Speelt zwart hier 40 – exd4, dan volgt 41 Dd8+ Kg7 (41 – Kh7 42 Dh4+ en de loper valt) 42 Dxd4+ en de toren valt. Speelt zwart 40 – Td5 dan volgt 41 Dg5+ Kf8 42 Dh6+ en de loper valt ook. Wit houdt dus in alle gevallen een dame tegen een toren over en dan kunnen de stukken echt in de doos. Helaas zag ik dat niet en speelde 39 Pxb3? (ook Dxh1 was beter geweest). 39 – Lf3+ 40 Ke1 Tc4. Wat maakt het eigenlijk uit? Ik heb de 40ste zet gehaald en sta nog steeds gewonnen. Maar vanaf nu begin ik echt te knoeien: 41 Dg3? (nog steeds vrijwel direct winnend is het door Rob aangegeven 41 Dh3. Na 42 – Lxg4 of Pg5 volgt dan 43 Dh6 en zwart verliest een stuk.) 41 – Pg5 (au!) 42 Pd2?
42 Kf1 lijkt me beter, al heeft zwart ook dan allerlei heel vervelende dreigingen. Maar de voornaamste, een nare paardvork, haal ik er dan in elk geval uit, en zodra ik met de dame op e5 kan slaan, sta ik weer actief. Ik zie de komende paardvork echter geheel over het hoofd.

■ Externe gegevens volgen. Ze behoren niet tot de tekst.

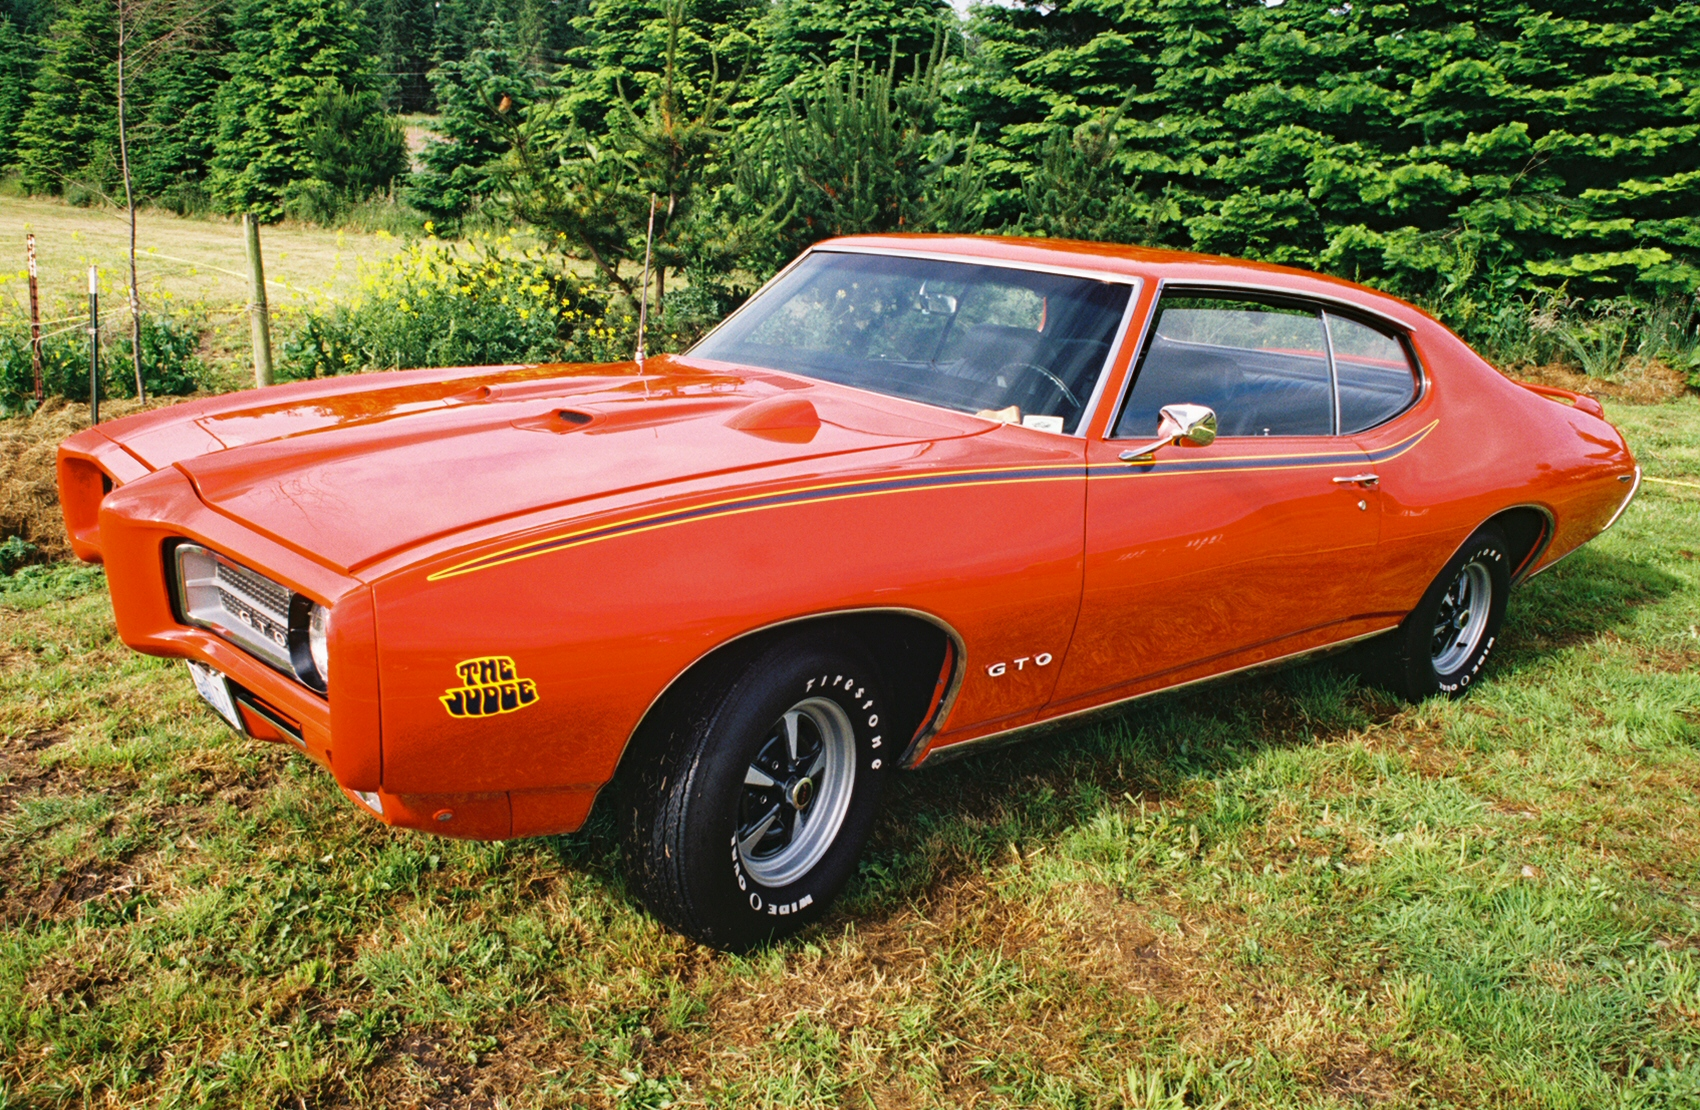 1969 Pontiac Gto Judge Wallpaper   1969 Pontiac Gto Judg Hootys blog 1700x1110

42 – Tc1+ 43 Kf2 Tc2 44 Ke3
Ik verkeer hier nog steeds in zalige onwetendheid en denk dat ik straal gewonnen sta. Dan speelt zwart: 44 – Txd2. Ik zie nu eindelijk de paardvork op e4, kijk verder nauwelijks en denk dat ik twee stukken achterblijf of mat ga, en geef geheel verbrijzeld op.
Dan vertelt men mij dat ik zowel na 45 Dh4 Te2+ 46 Kd3 e4+ 47 Kc3 Ph7 48 Dh6 als na 45 Kxd2 Pe4+ 46 Ke3 Pxg3 47 Kxf3 Pf1 minimaal remise en in de eerste variant waarschijnlijk zelfs goede winstkansen heb.
Ik wilde mij verhangen.
Maar verhangen deed hij niet, want tussen drang en daad
staan geliefden in de weg en emotionele bezwaren,
en toch ook levenslust die niemand kan verklaren,
en die des avonds komt, wanneer men naar Camelot gaat.
Gelukkig bezaten Maarten, Rob en Jan wel voldoende hardheid en hielpen zij ons na mijn opgave toch aan de overwinning.
Verplichte literatuur voor de volgende uitwedstrijd: Willem Elsschot, Verzameld werk.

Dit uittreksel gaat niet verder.